Top of Available data
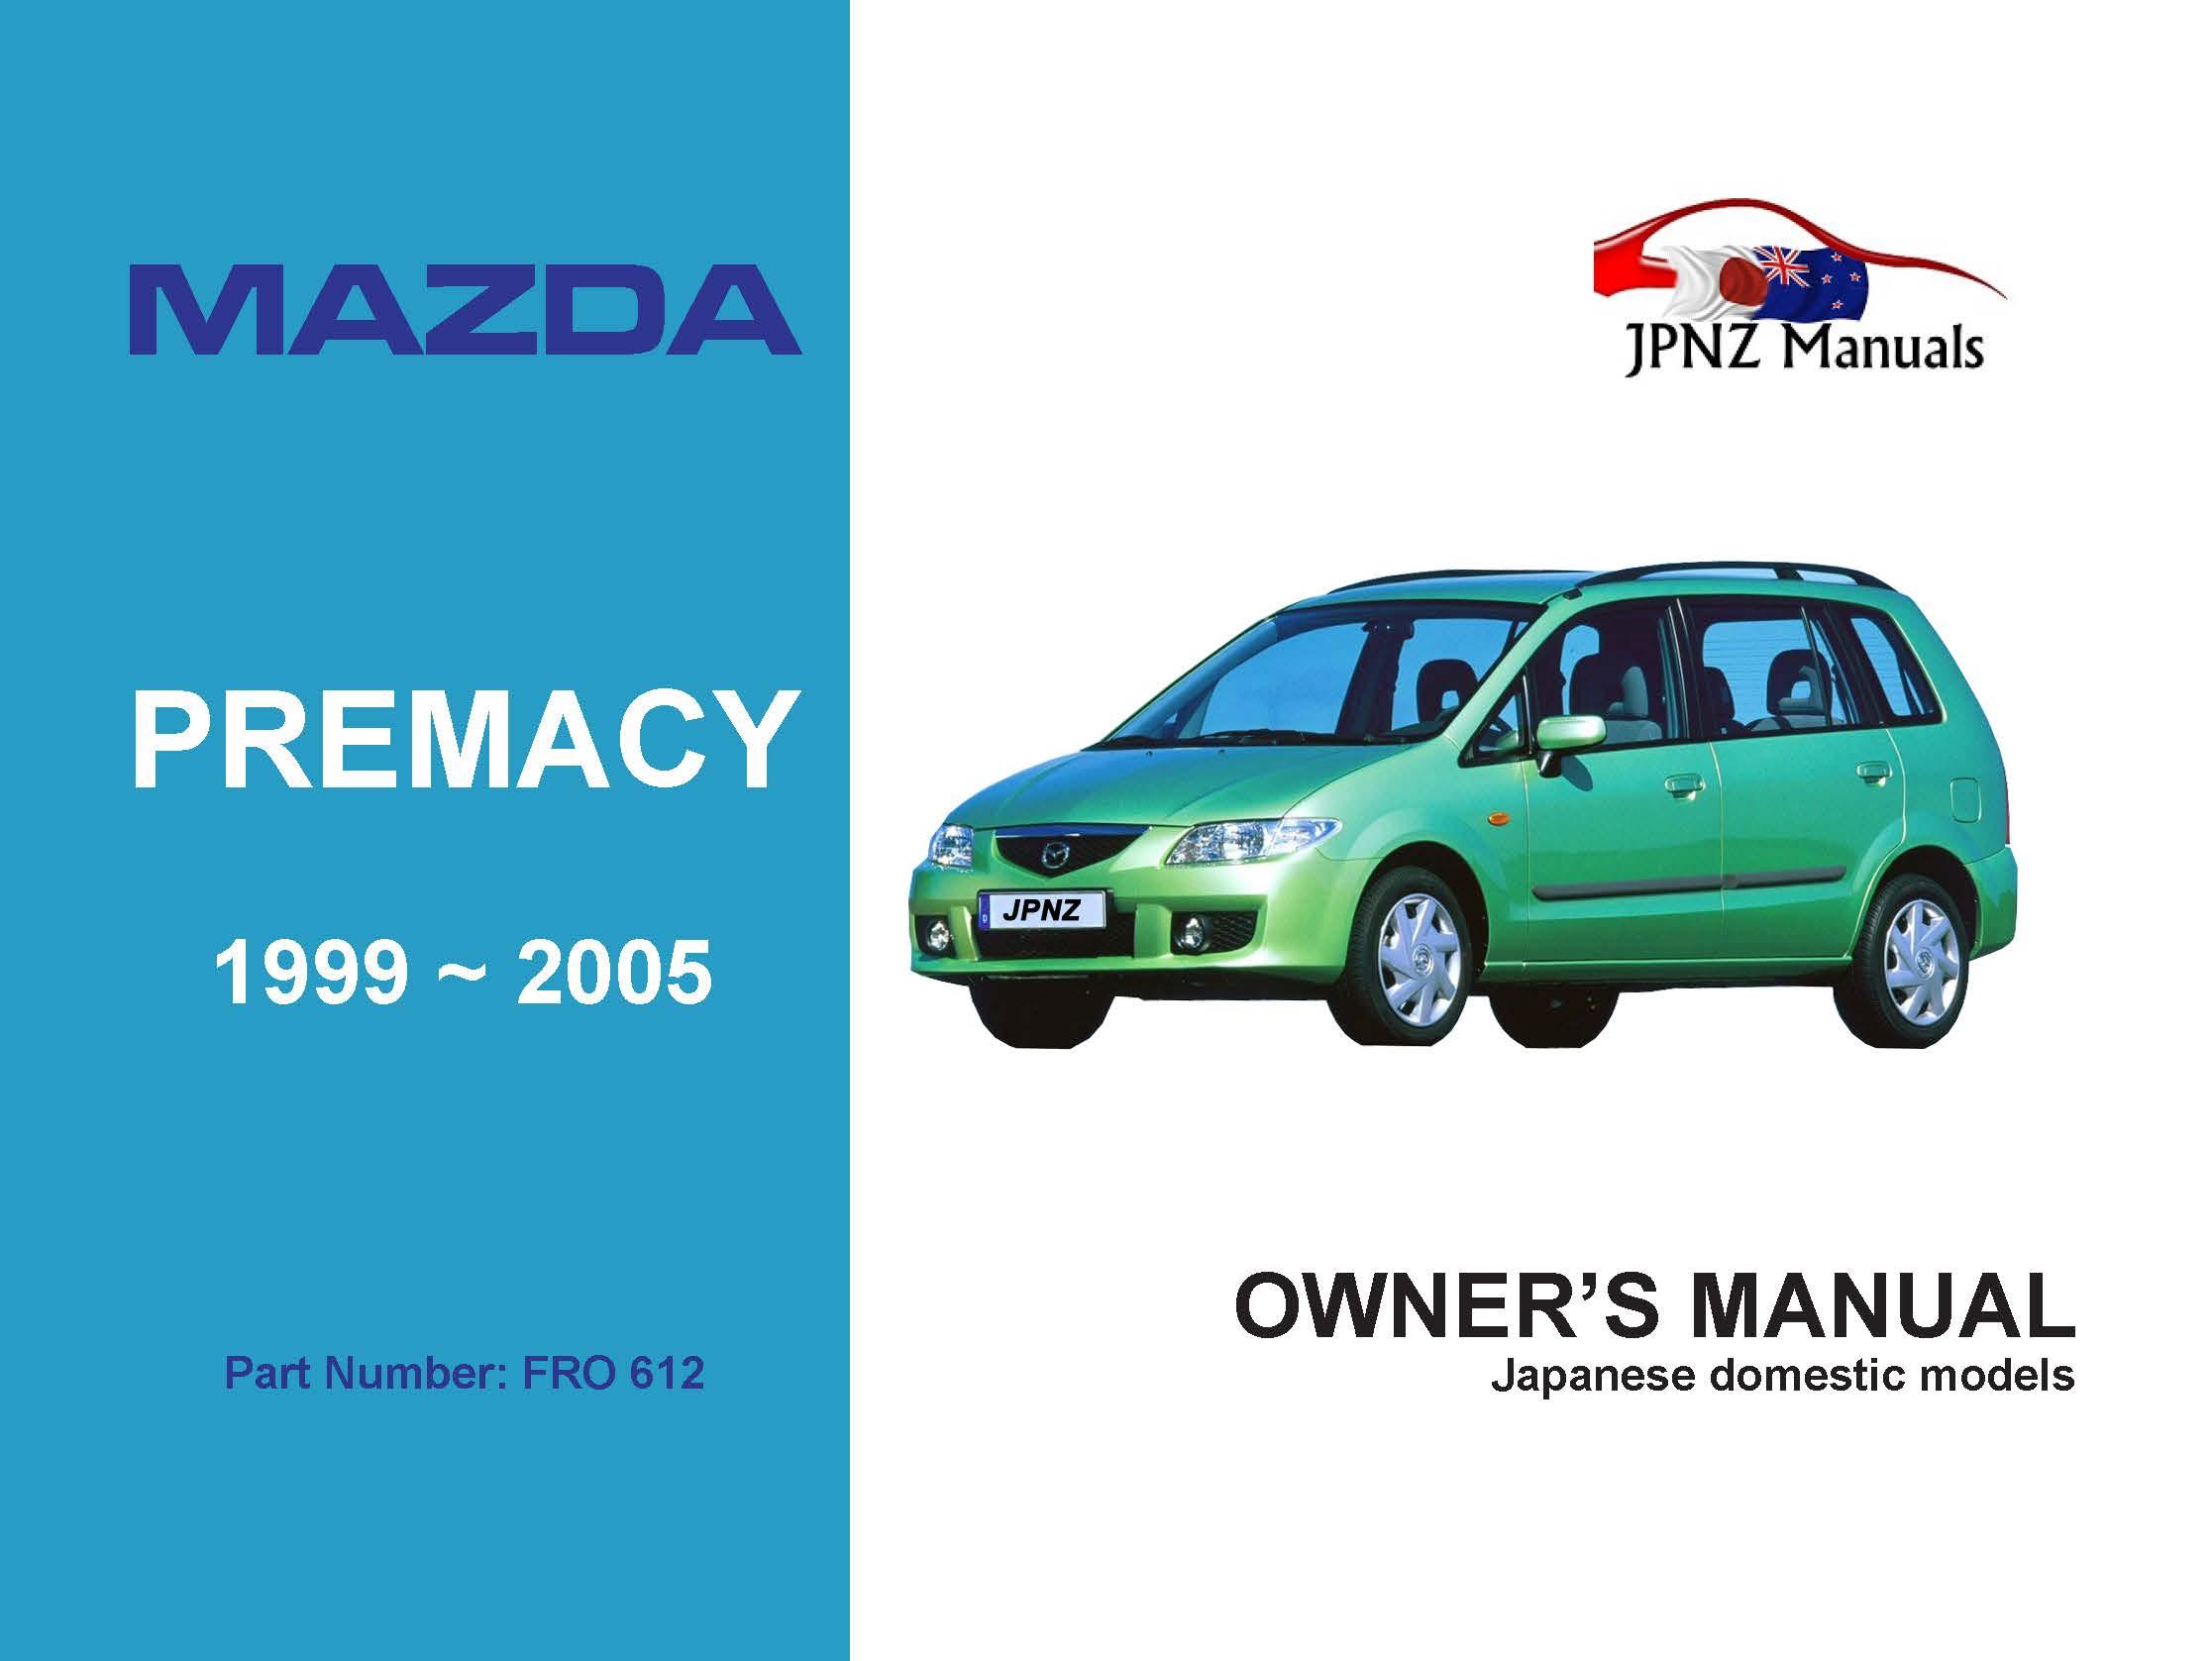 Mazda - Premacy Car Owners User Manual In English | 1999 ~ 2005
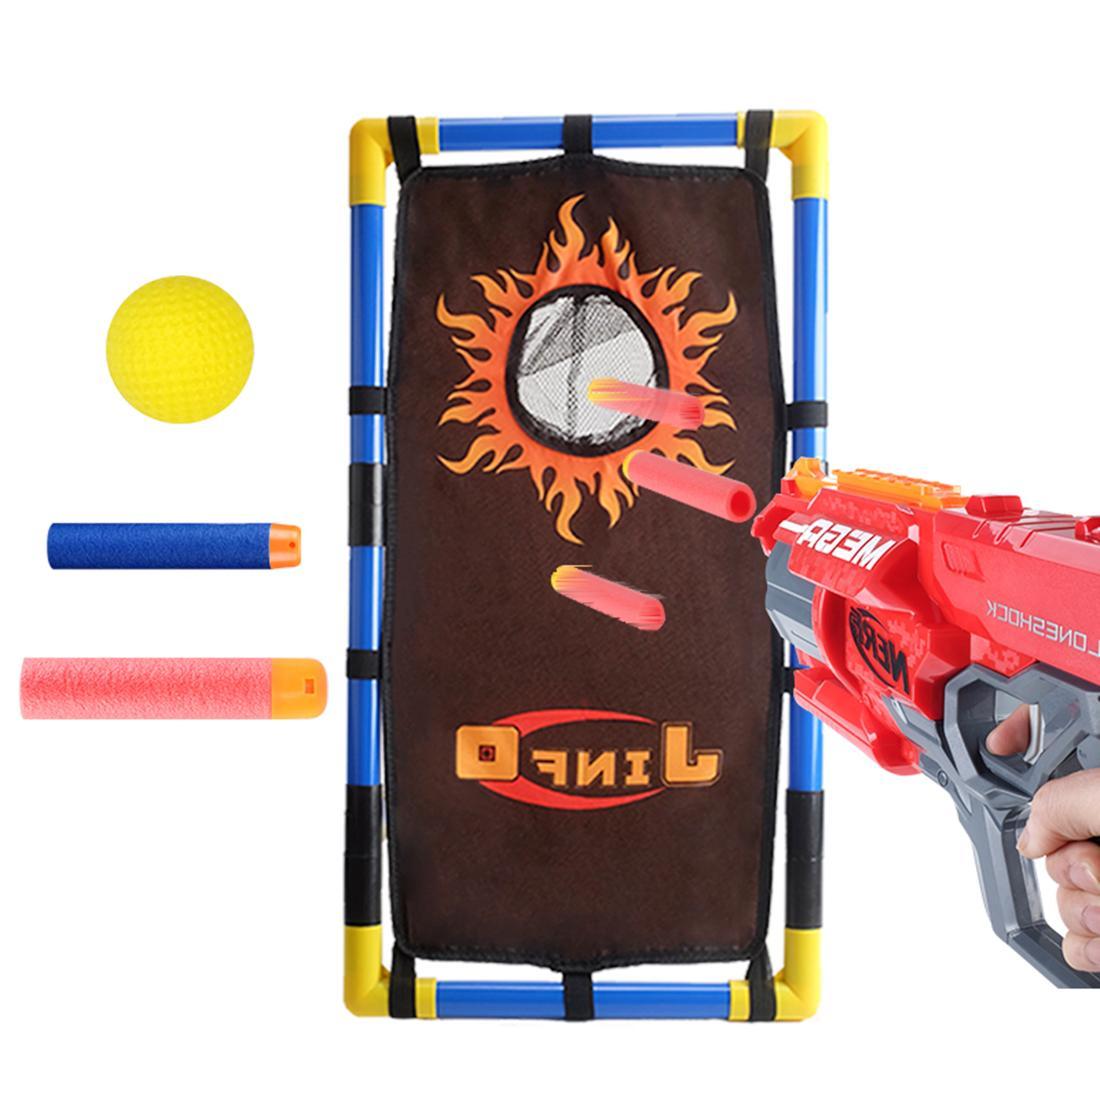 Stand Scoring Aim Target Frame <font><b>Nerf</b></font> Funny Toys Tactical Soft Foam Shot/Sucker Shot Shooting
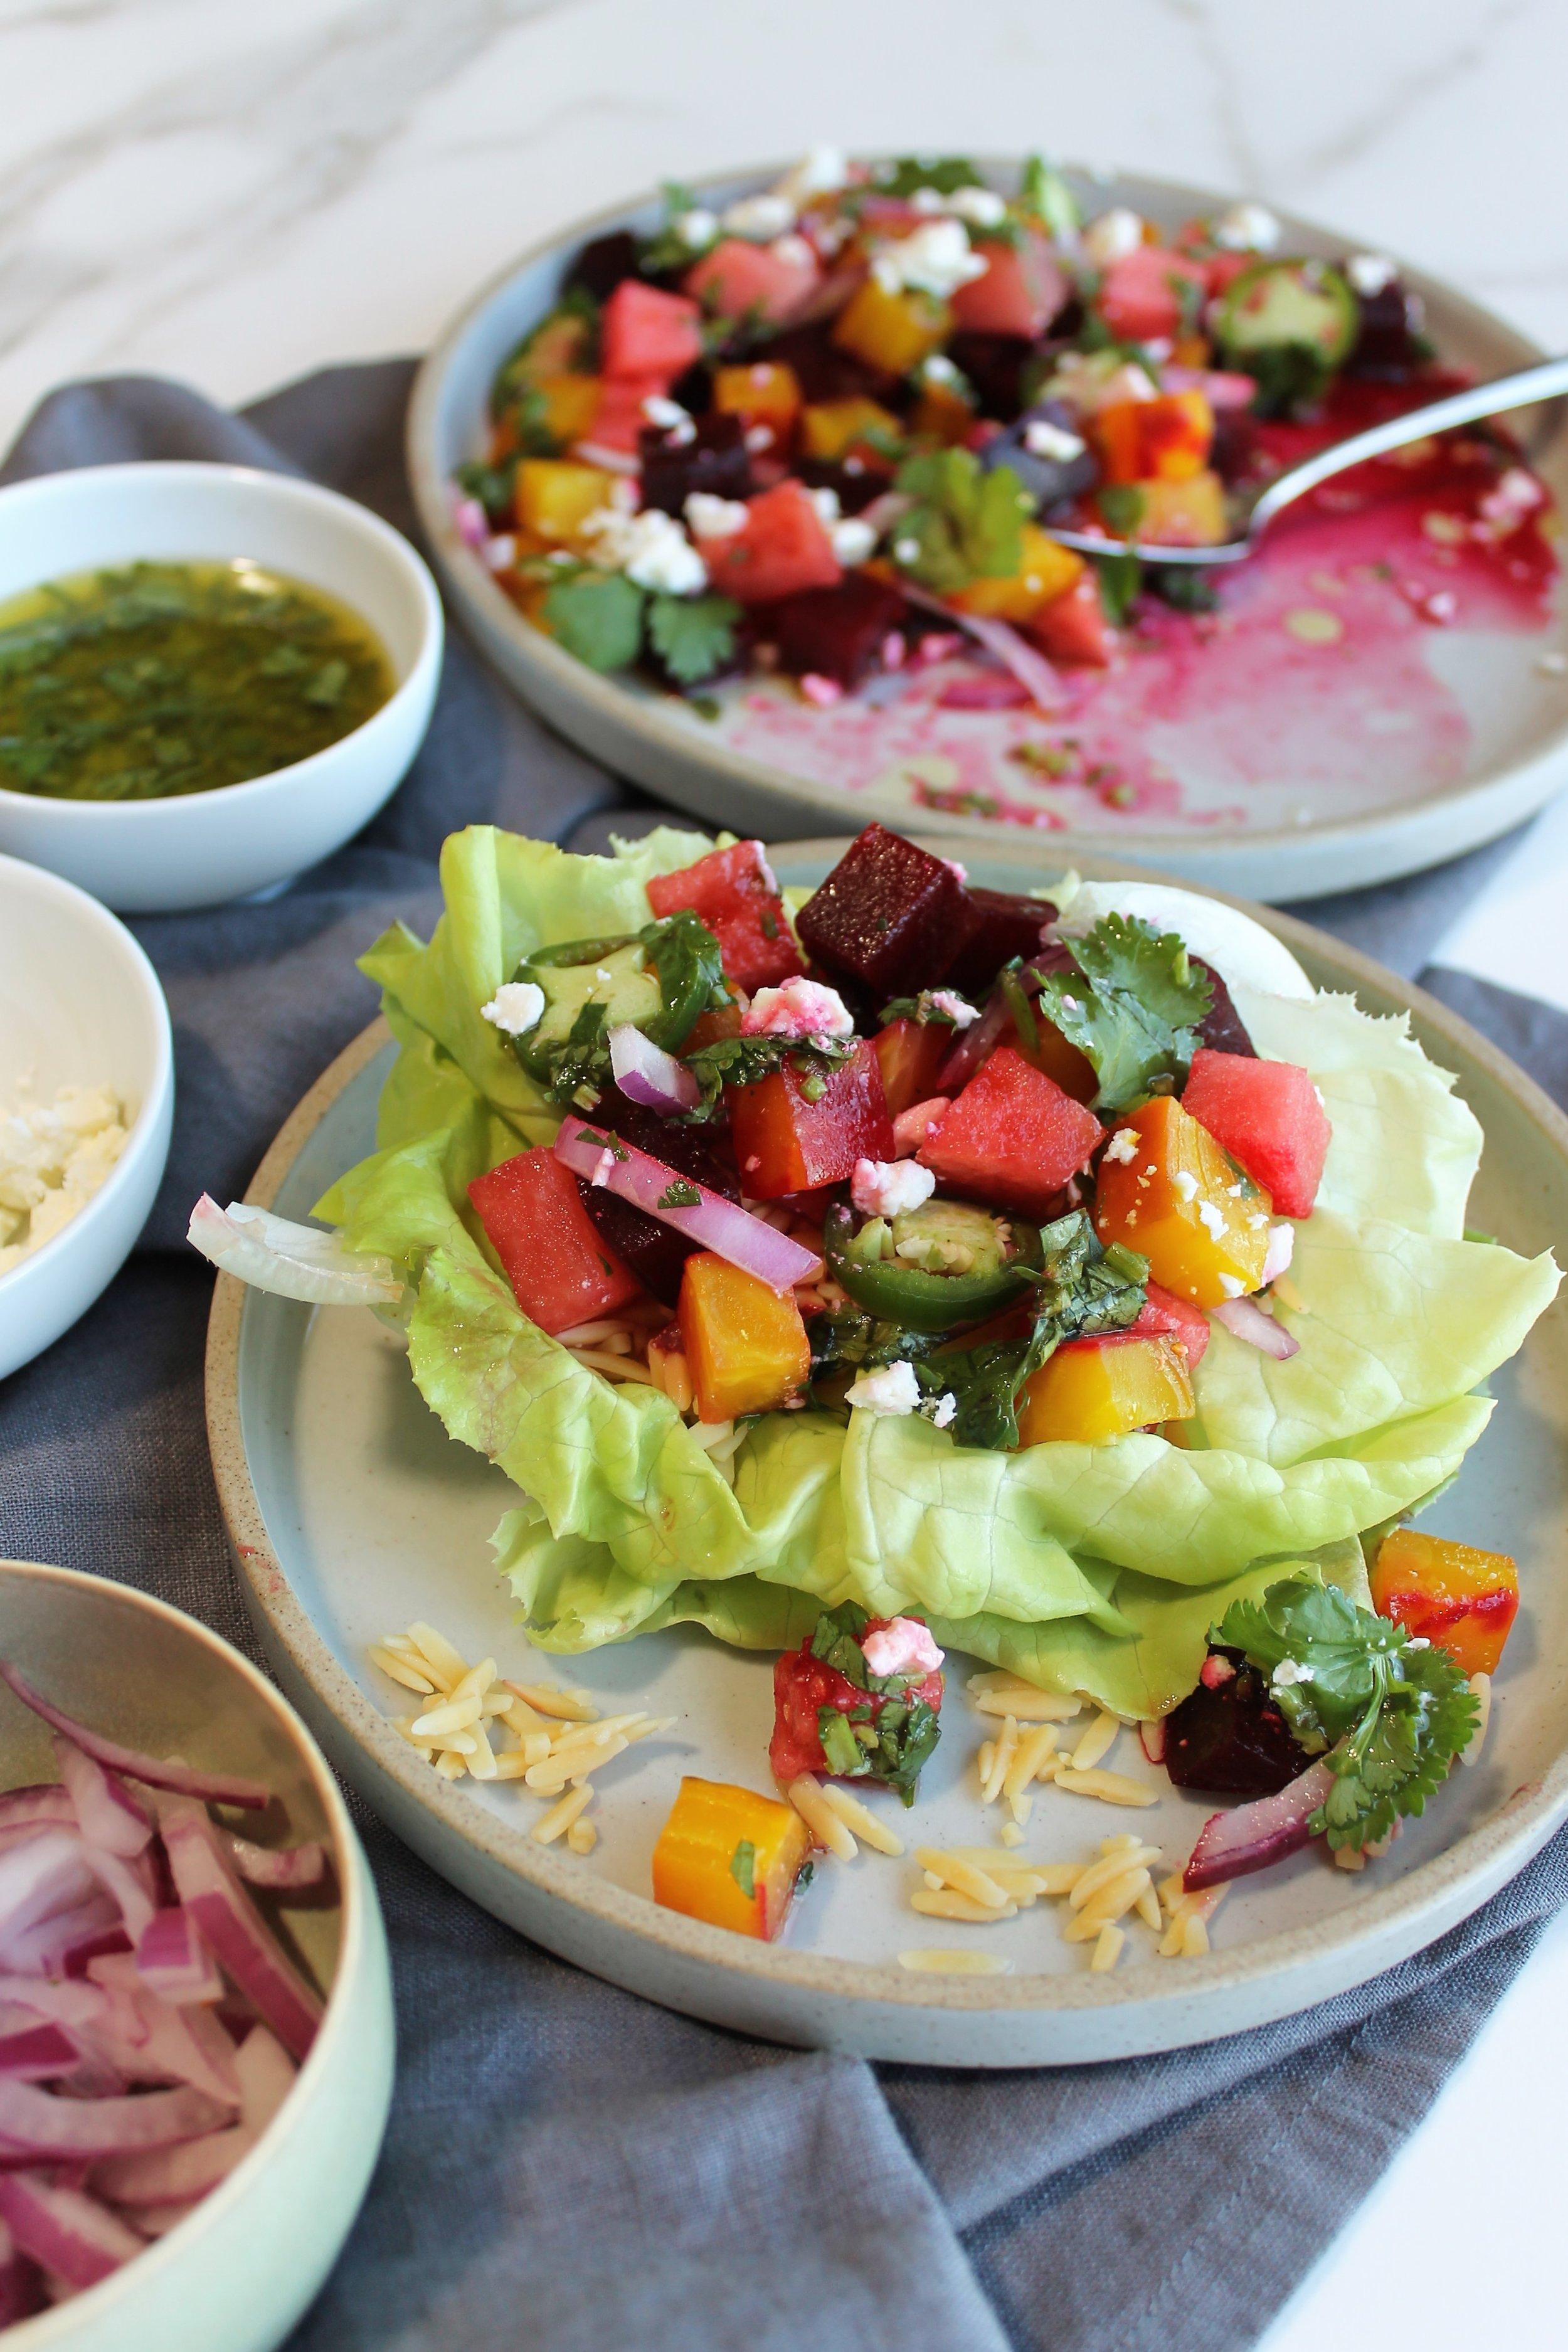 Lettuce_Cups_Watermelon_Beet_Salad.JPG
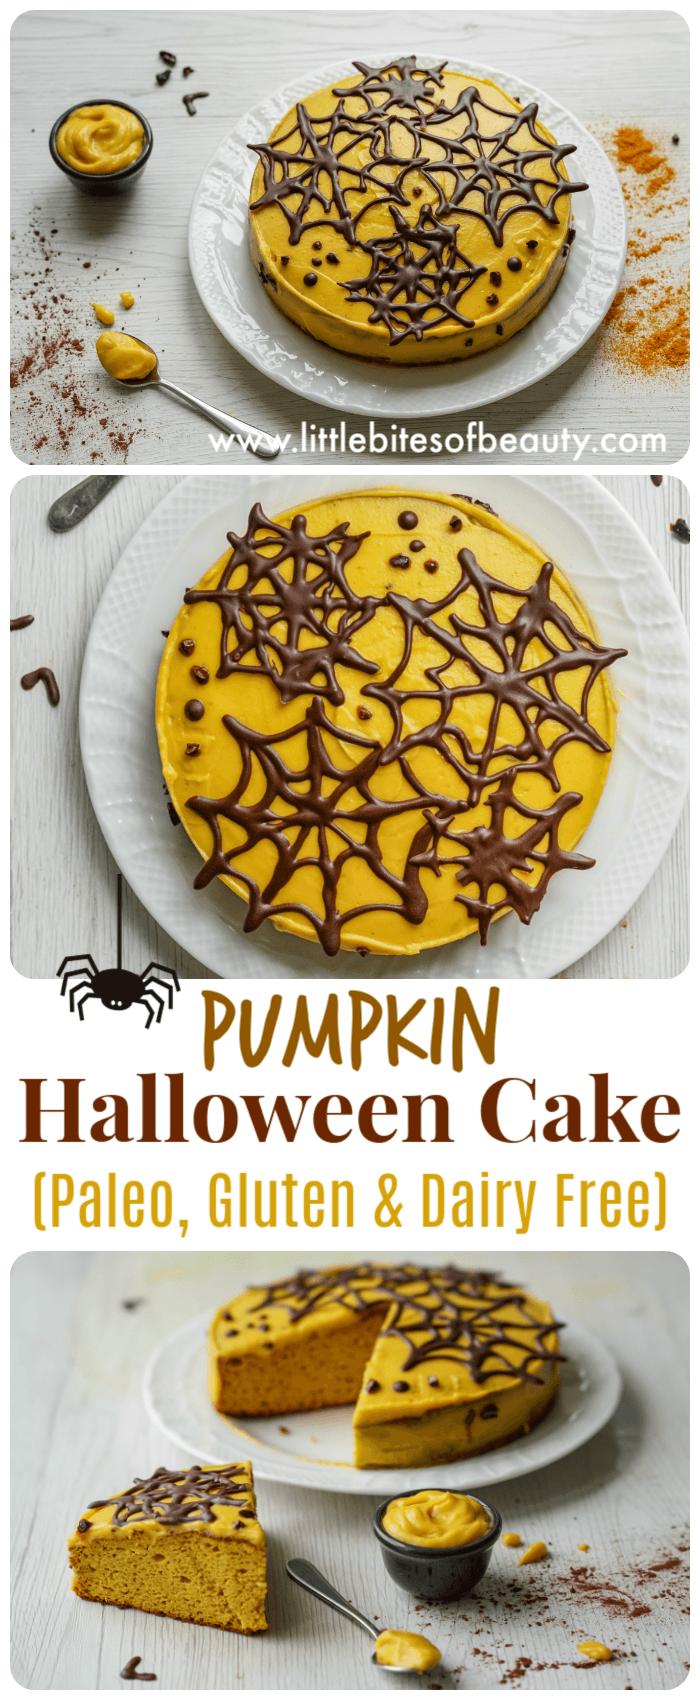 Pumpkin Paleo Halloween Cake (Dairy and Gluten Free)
Bottom of Available data
[Work required]:
Each line of the data above needs to be retyped as it is, without any picture.

[Exercise response]:
 Mazda - Premacy Car Owners User Manual In English | 1999 ~ 2005
 Stand Scoring Aim Target Frame <font><b>Nerf</b></font> Funny Toys Tactical Soft Foam Shot/Sucker Shot Shooting
 Lettuce_Cups_Watermelon_Beet_Salad.JPG
 Pumpkin Paleo Halloween Cake (Dairy and Gluten Free)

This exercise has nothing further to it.